魅惑の映像*東映初期時代劇《中村錦之助 vs 東千代之介》
初めて觀た映畫が何であつたか、全く思ひ出せませんが、初めて夢中にさせられた映畫はよく憶えてゐます。1954年封切、東映製作の時代劇『笛吹童子』三部作であります。これは北村壽夫(ひさを)の少年向け伝奇小説《新諸國物語》シリーズの第二篇で、一年間雜誌に連載されると同時にNHKラジオで連續放送劇として毎日放送されたものが、完結を見るや即ち映畫化された……とは、も少し成長してから得た情報です。何しろ當時の私は7歳だつたのですから、第一部を觀て忽ち、苛酷な運命に翻弄されるポニーテールの綺麗なお兄さんたち(萩丸・菊丸兄弟)の映像の虜になつてしまつたのであります。萩丸を演じた東千代之介は日本舞踊の世界から、菊丸(主人公)に扮した中村錦之助(後に萬屋錦之介と改名)は歌舞伎の世界から映畫に轉じた俳優で、當時の時代劇大スター(長谷川一夫・阪東妻三郎・片岡千恵蔵・市川右太衛門など)には無い匂ふやうな若さを具へ持つてゐました。

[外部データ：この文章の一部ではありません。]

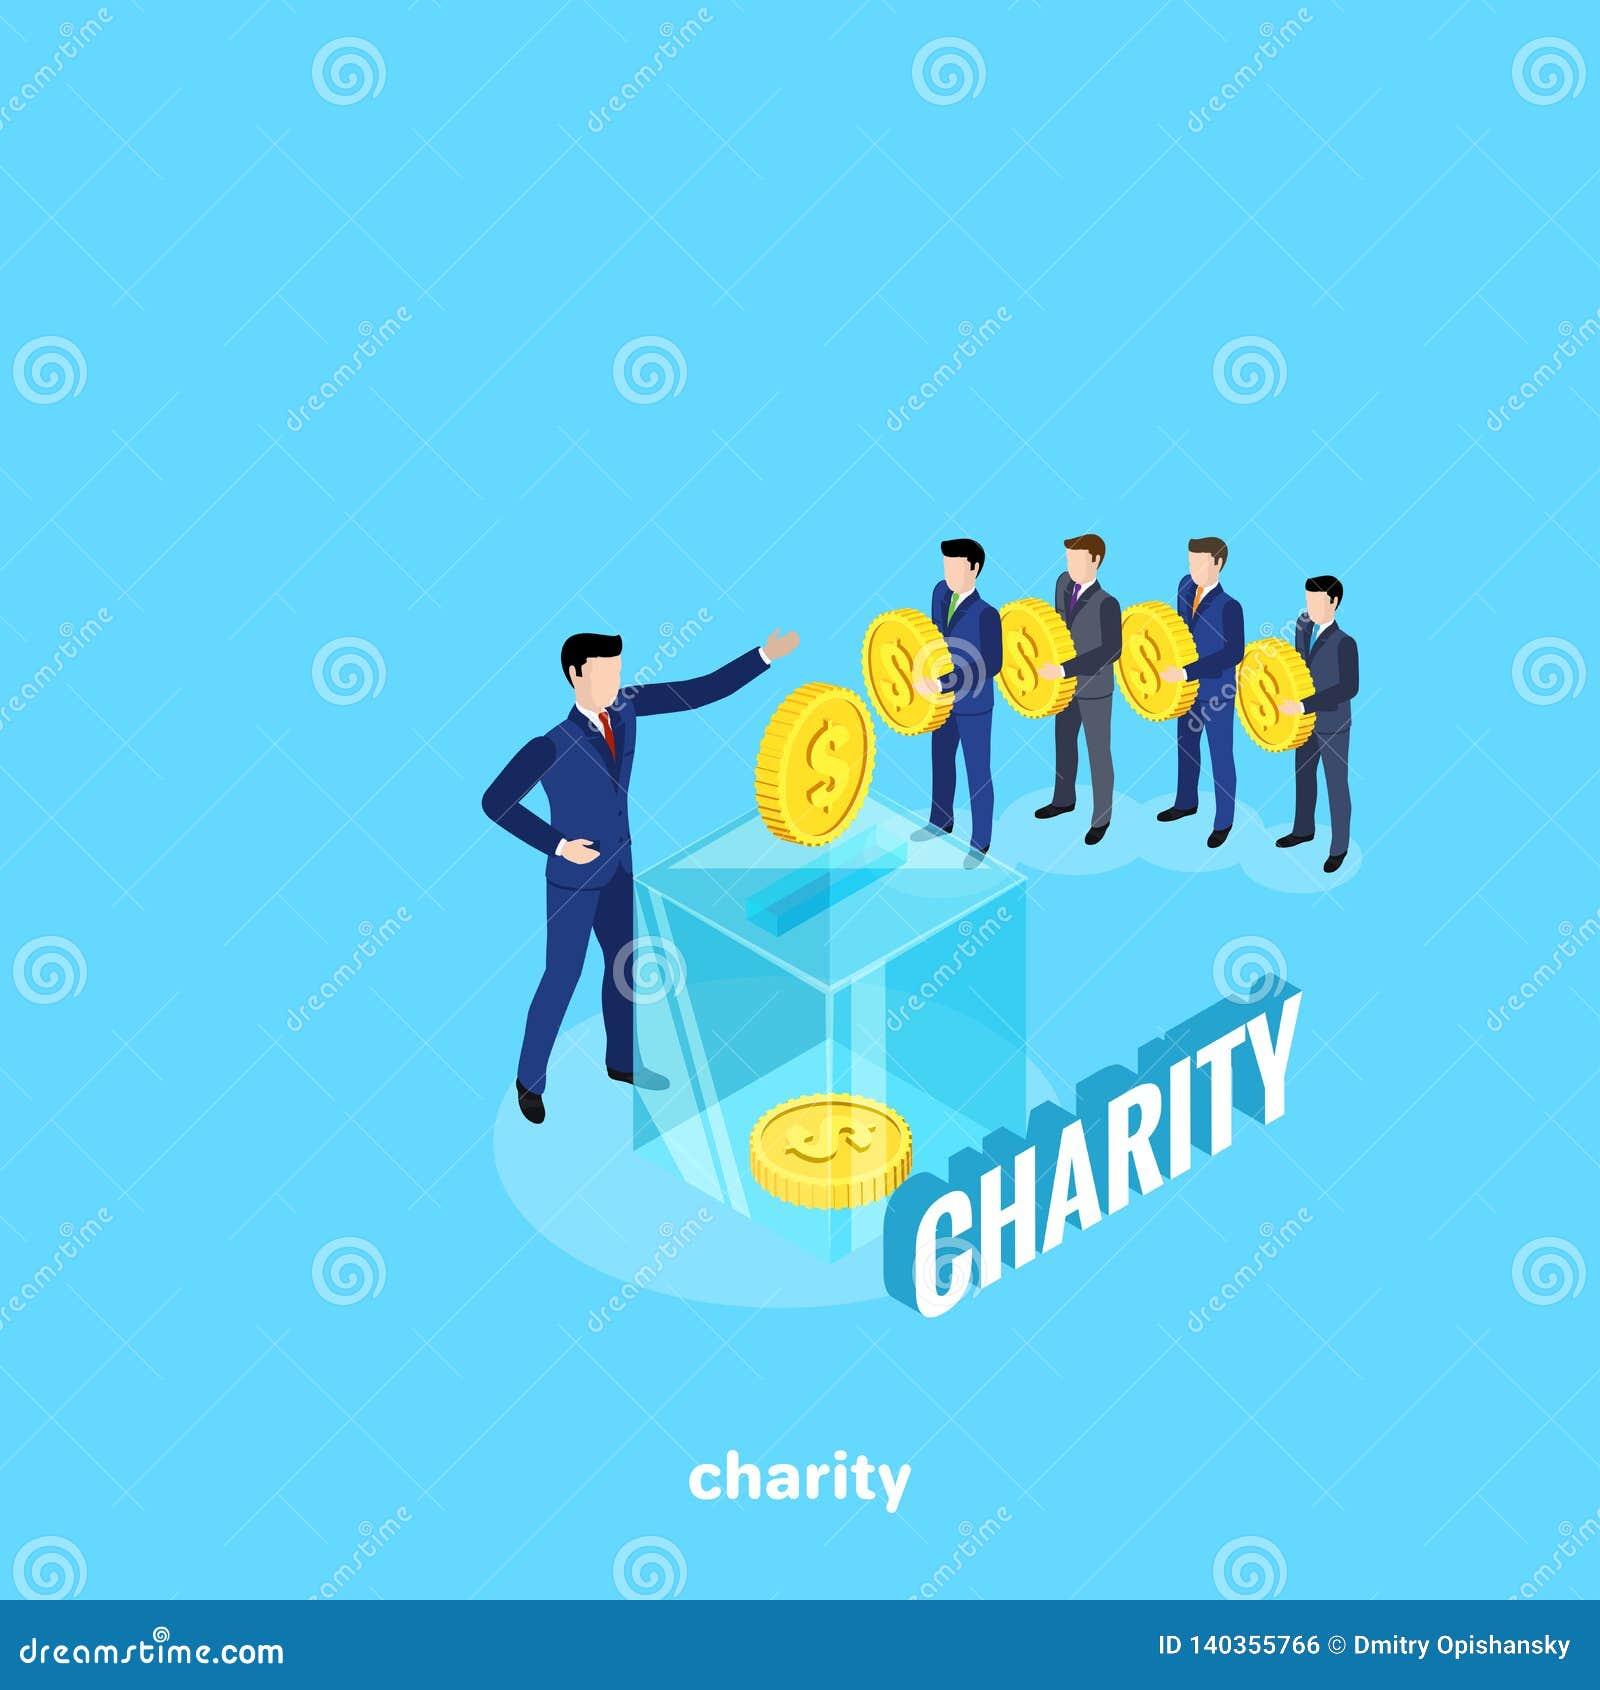 西装的人站在队中做慈善捐献和一个玻璃箱子作为为收金钱的一个工具

『笛吹童子』が大ヒットしたので、〈ジャリ向け映畫〉などと揶揄されながらも、同じ年のうちに此の二人を主演に据ゑた『里見八犬傳』五部作が製作公開され、年末から正月にかけて《新諸國物語》第三篇『紅孔雀』五部作が公開されるに及んで彼らの人氣は頂點に達した觀があります。二人の共演作はその後も『七つの誓い』『ヒマラヤの魔王』『羅生門の妖鬼』などが公開されましたが、私としては『八犬傳』と『紅孔雀』に愛着があります。

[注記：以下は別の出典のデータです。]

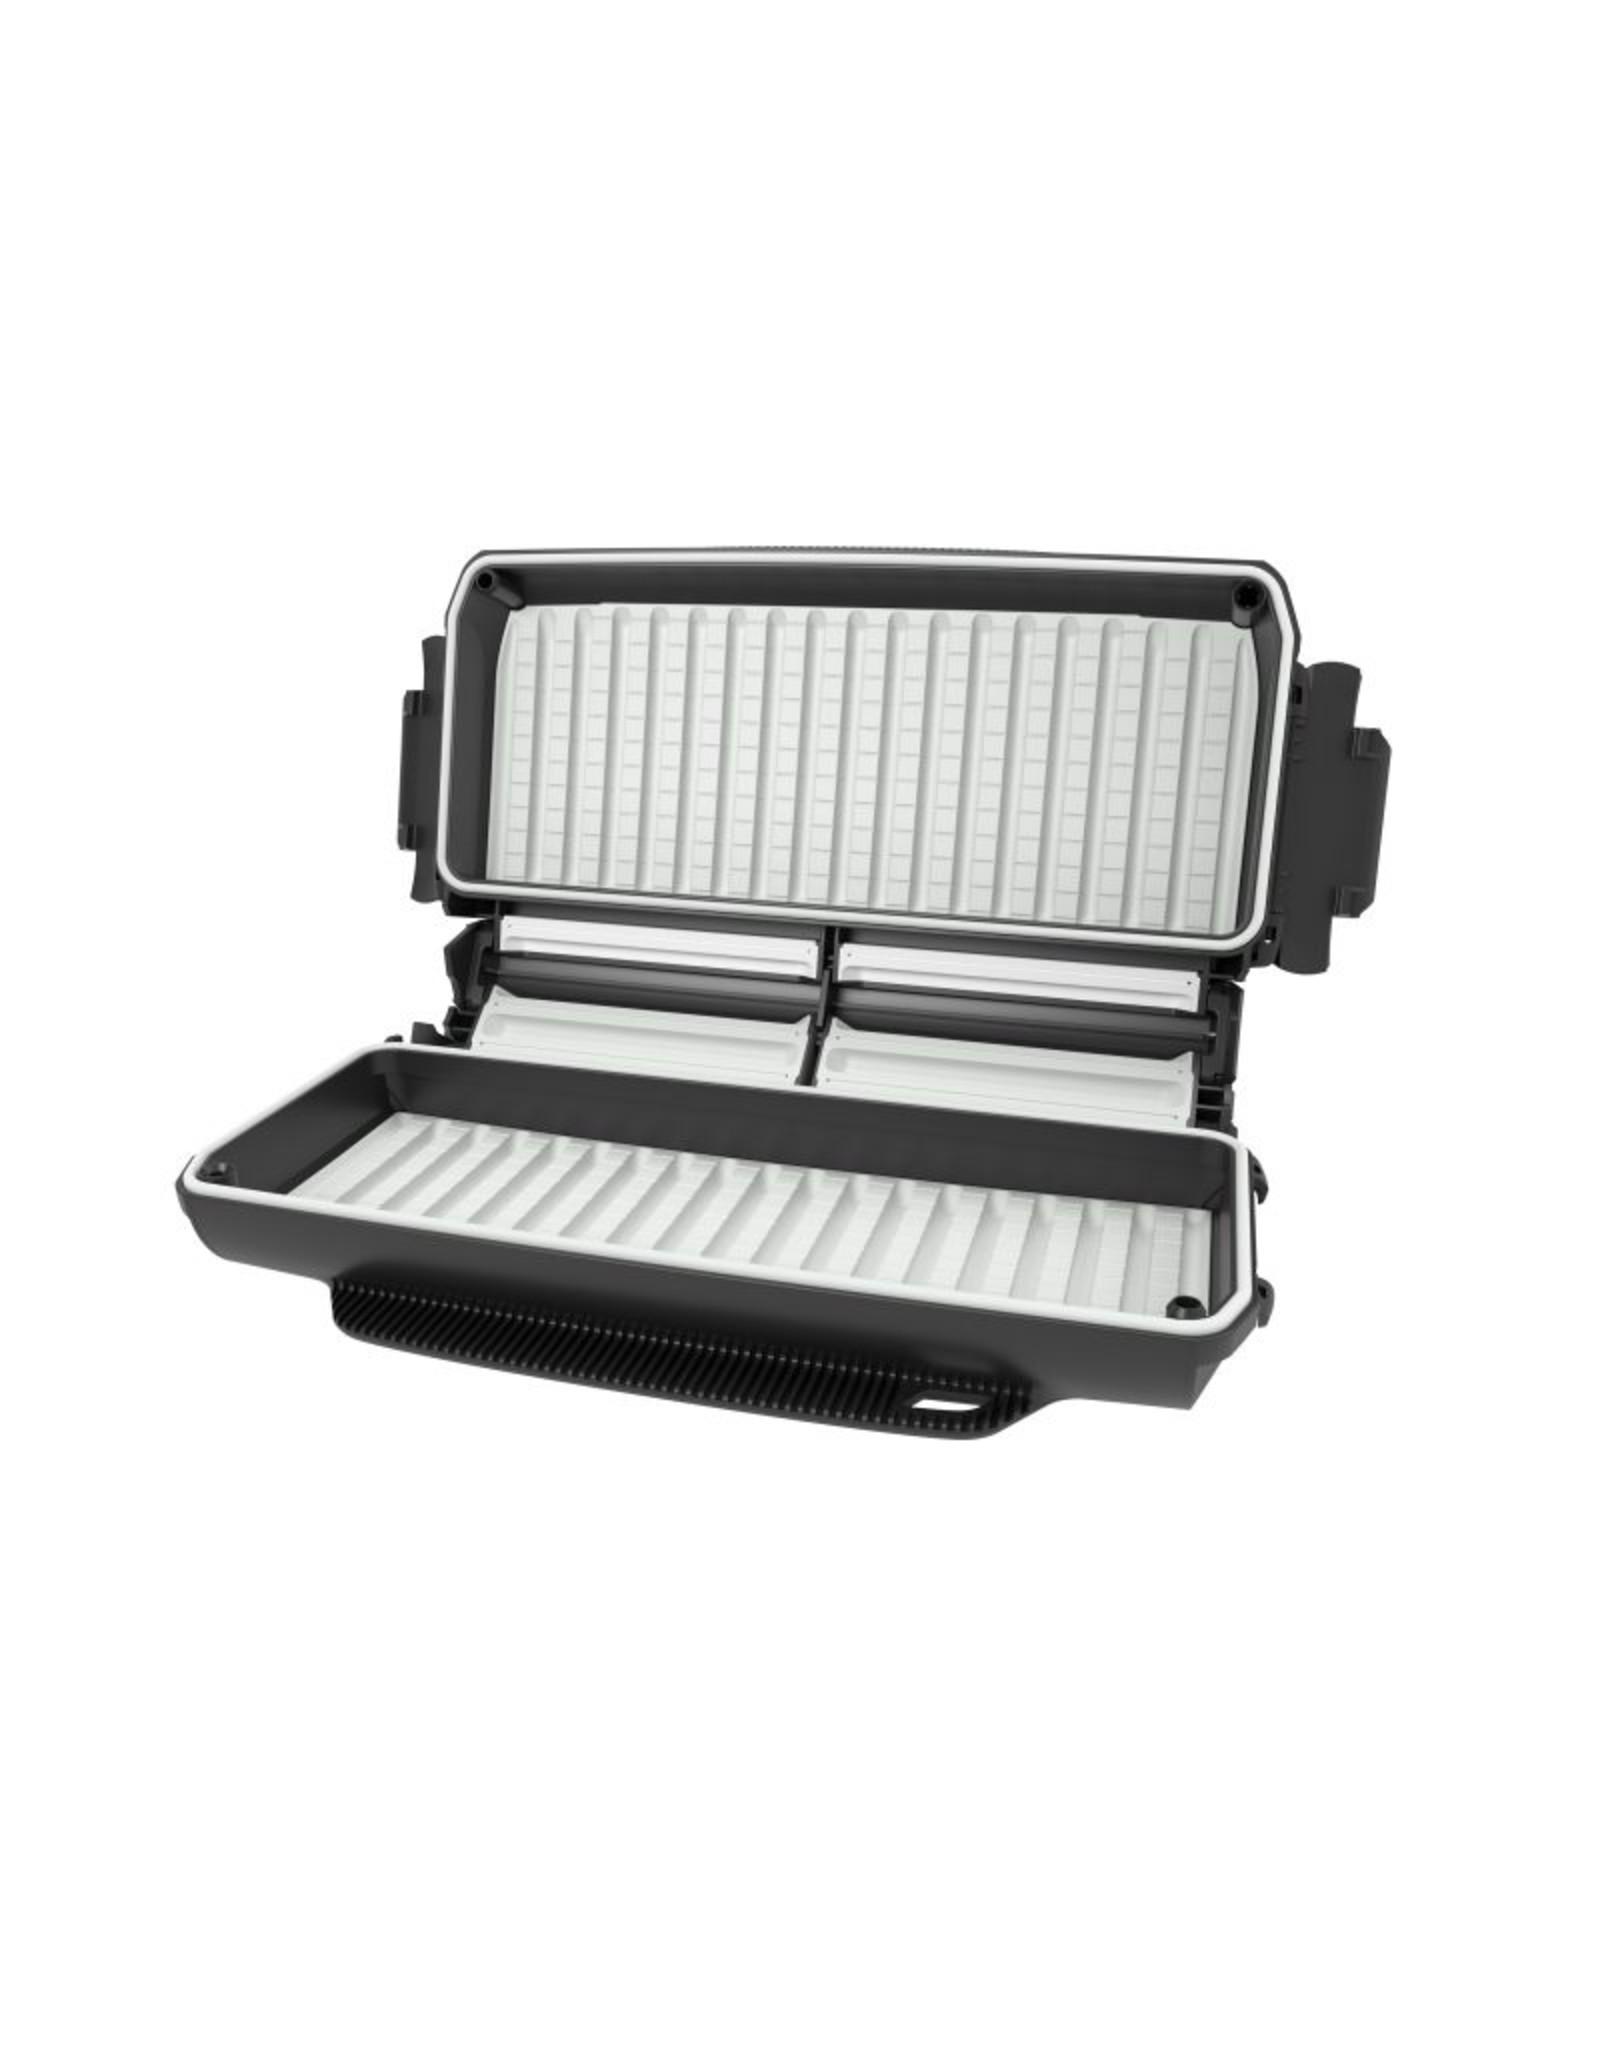 LOOP Opti 270 Tarpon/Predator Box - Carbon Grey

VIDEO時代が到來するや此らの映畫は簡單にTV畫面で觀られるやうになり、あまりにも御都合主義な展開に、5分に一度はツッコミを入れたくなりますが、芳流閣の格鬪場面や浮寢島での對決場面などに差しかゝると、ついうつとりと眺め入つてしまひます。『紅孔雀』の配役などは今でも空で言へますが、こんなことは何の自慢にもなりませんね。